Monday, August 29, 2011

Slowly Changing Facts?

This post looks at the issues faced when facts can change retroactively.
Q: Our source system allows facts to be updated.  We are trying to come up with a way to preserve this history in the data warehouse.  One idea is to use the type 2 technique for facts.  We call it "slowly changing facts."  Is this a good solution?
A: When transactions are changed retroactively, you should update corresponding facts. If you need to track the history of facts, do so in separate audit tables.

To understand why, we will  look at what happens if you record multiple "versions" of a fact in your fact tables. But first, a refresher on the type 2 slow change technique.

Slowly changing dimensions

Dimensional modelers must decide what will happen when the source data for a dimension attribute changes. There are several possible responses to a change; one of them is known as the "Type 2" response.

The type 2 response calls for keeping a sort of "version history" in the dimension table. For example, if a customer's address changes, we insert a second record into the dimension for the same customer.  This way, the old "version" of the customer can be linked to facts that took place prior to the change, and the new version can be linked to new facts.

I covered the basics in more detail in a previous post; you can also refer to the slowly changing dimensions category for more posts on the topic.

Keeping the history of facts

A fact table contains a record of things that happened.  A customer ordered 200 widgets yesterday; another ordered 300 today. Measurement of these events can be aggregated across various dimensions to answer a variety of questions.

But sometimes, what we know about an event changes.  We originally thought 200 widgets were ordered yesterday, but now we know that 250 were ordered.

At first glance,  it may seem like the same "type 2" technique will solve the problem.  When details about a specific transaction are changed, simply insert a new row into the fact table.  The most current version can be flagged for easy access.

Unfortunately, this seriously harms the usability of the fact table. When people study orders, they must now be sure to single out a single version for each transaction to avoid double counting. You can try to resolve this by adding multiple date-stamps to each record, or converting changes into "deltas", but the damage is done. The model is open to serious misuse.

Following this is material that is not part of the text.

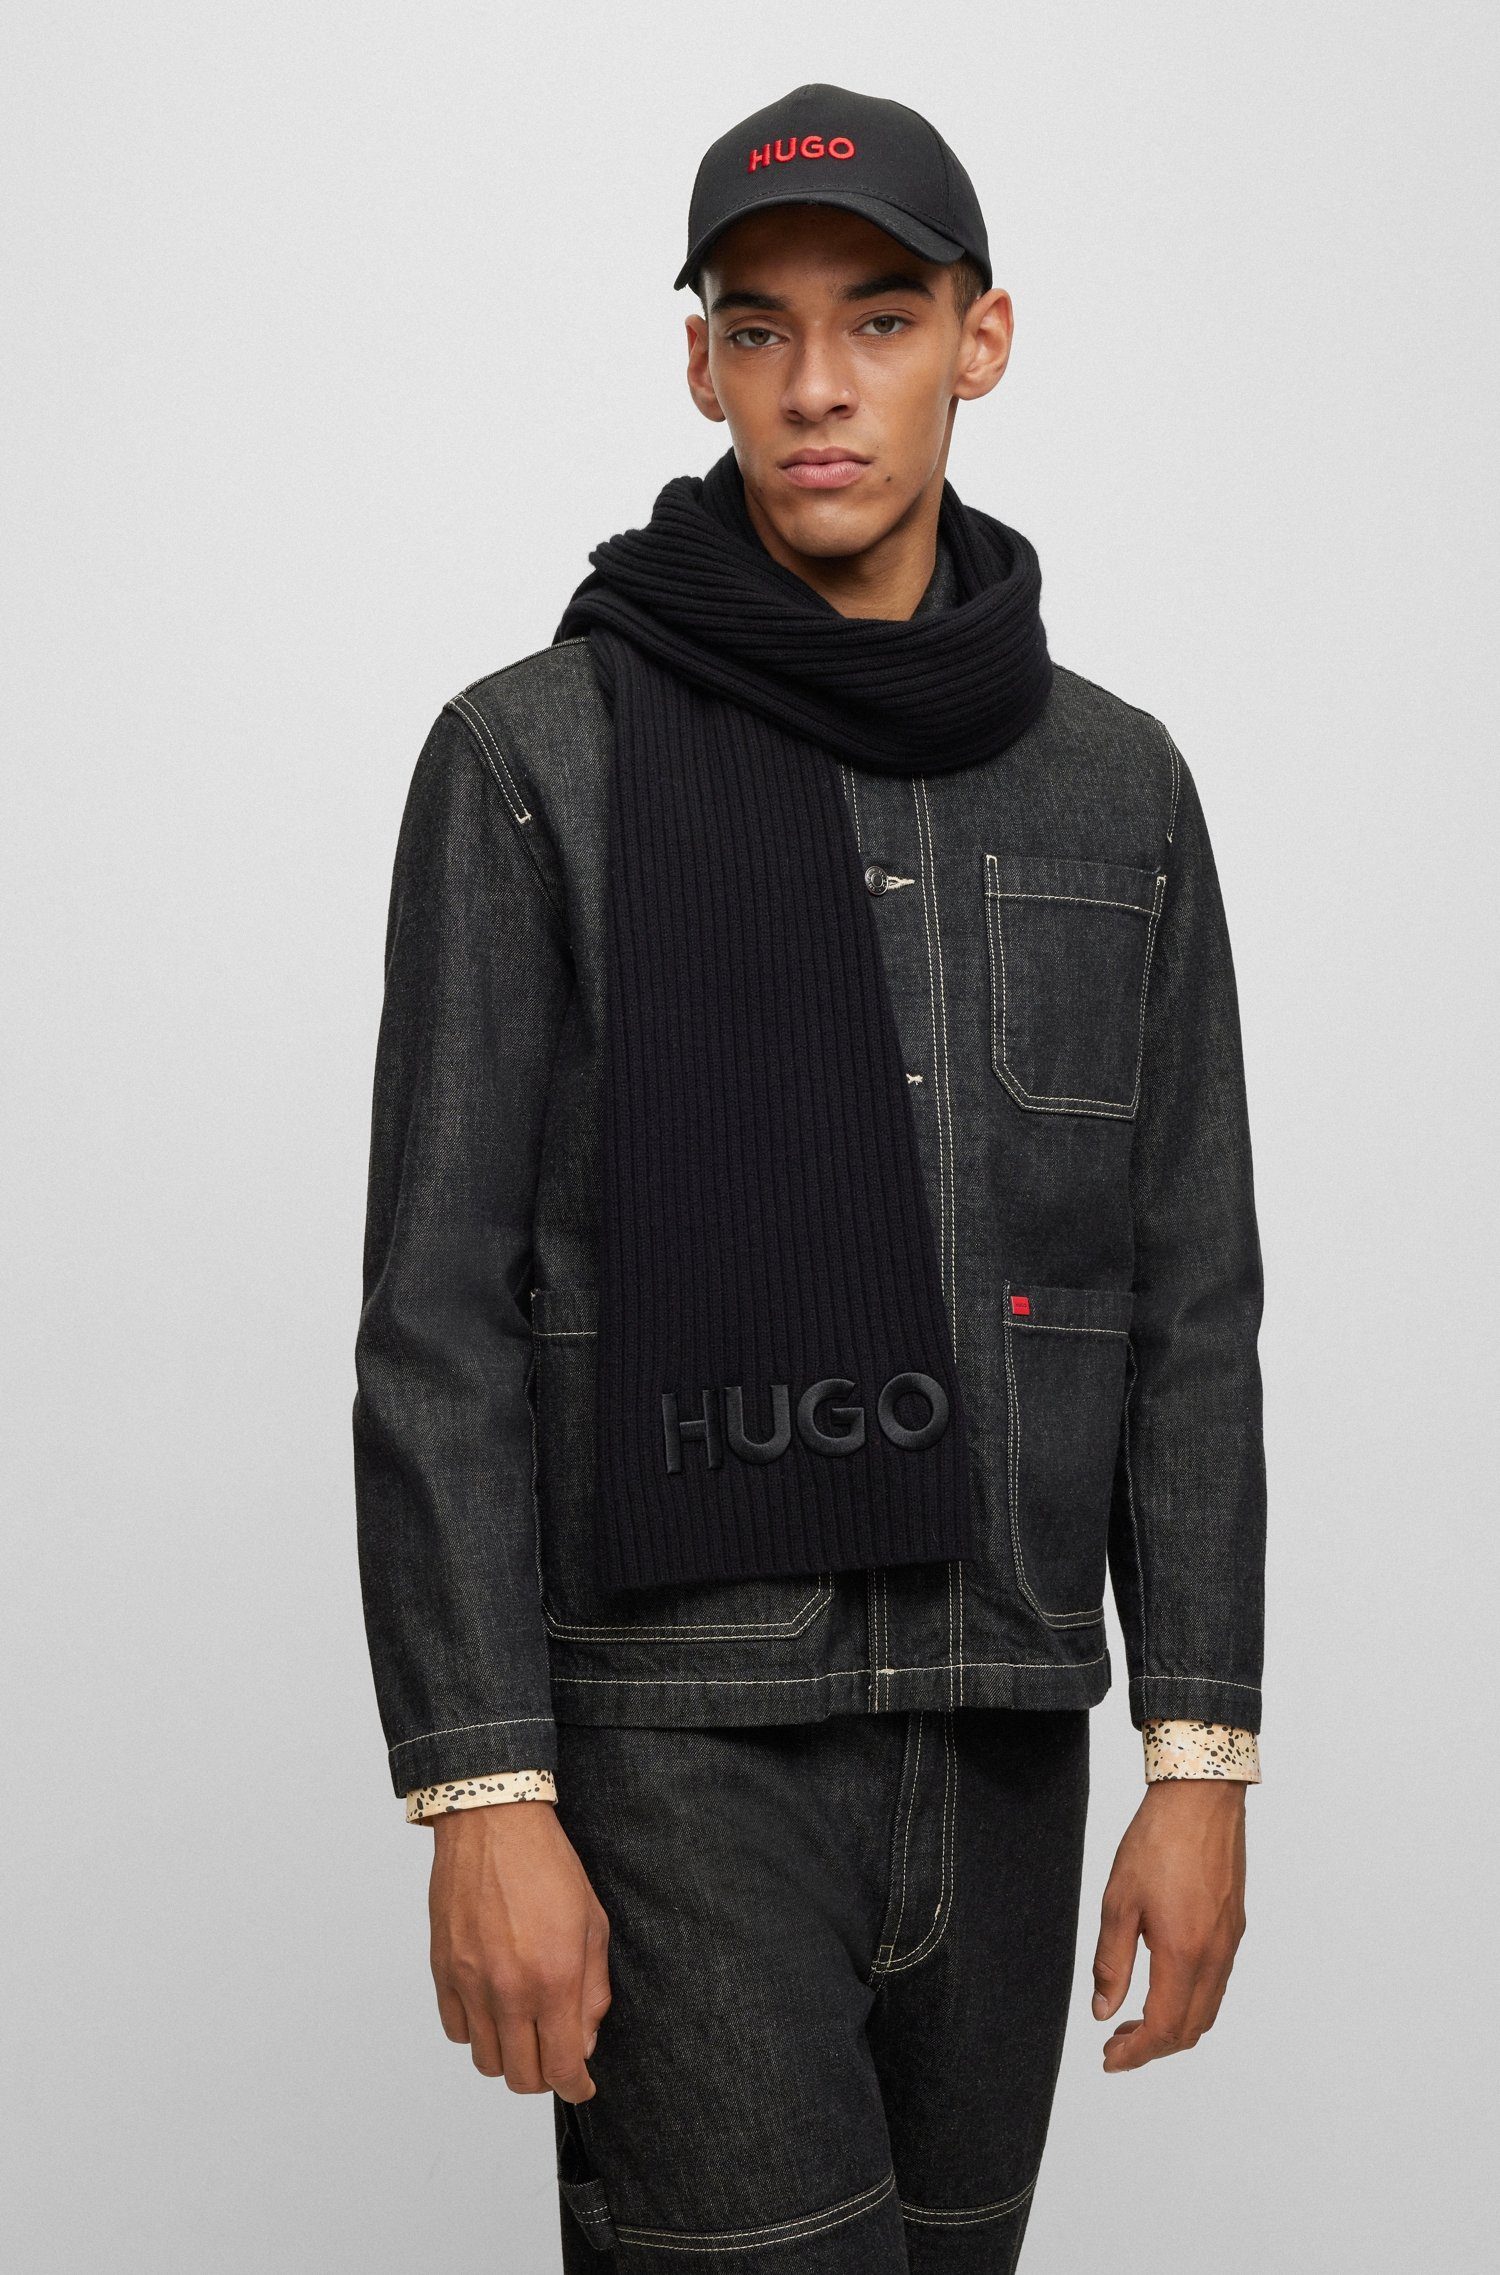 HUGO-Logoschriftzug mit HUGO Zunio-1, Black Schal

We'll look at the solution in a moment, but first a look at the same problem in a snapshot model.

Snapshots exhibit the same problems

Another kind of fact table, the periodic snapshot, tracks status at predefined intervals.  A financial data mart, for example, might log the balance of each account in the general ledger at the close of business each day.

Here too, our understanding of what happened may change.  At the close of business Monday, a particular account contains US$ 12,000.  On Tuesday, back-dated transactions change that balance to $13,000.

If we try to track both versions of Monday's balance, usability is damaged in the same way.  We must always qualify our analysis for (1) the date we are studying, and (2) the "as of" date of our analysis.  If we don't, grave errors ensue.

Here, usability problems are compounded by density issues.  Tracking the daily balance of each account over 5 years would normally require 1,826 rows per account (365 days x 5 years = 1,825 days, plus 1 leap-day).  If we must also re-record balances for all prior days, the number grows to an astounding 1,668,051.  (This is a triangular number, computed as ( n2+n ) / 2 where n is the number of days.)

If there are 500 accounts in the general ledger, that's the difference between 913,000 rows in a standard periodic snapshot, and 834,025,500 for one that logs history.  As each additional day is added, the difference increases.

The alternative 

There is only on version of the truth, and this is what belongs in the fact table.

When our understanding about an event has changed, the corresponding facts should be updated. This holds for both transaction models and snapshot models.

If you must be able to produce an audit trail, do so in a separate table.  The audit table need only capture the transaction identifier, the date, and the value of each fact. Record rows for the original fact and each revision.

If need be, this can also be organized dimensionally as a fact table. Keep in mind, however, that using this fact table will be subject to the same usability challenges.  And ask the business if all this trouble is really necessary.

For a snapshot model, and audit table may not be necessary; a corresponding transaction table may be able to hold the history. Each transaction that affects status is recorded with 2 dates: date of the transaction, and the date we became aware of the information (often a "posted" date).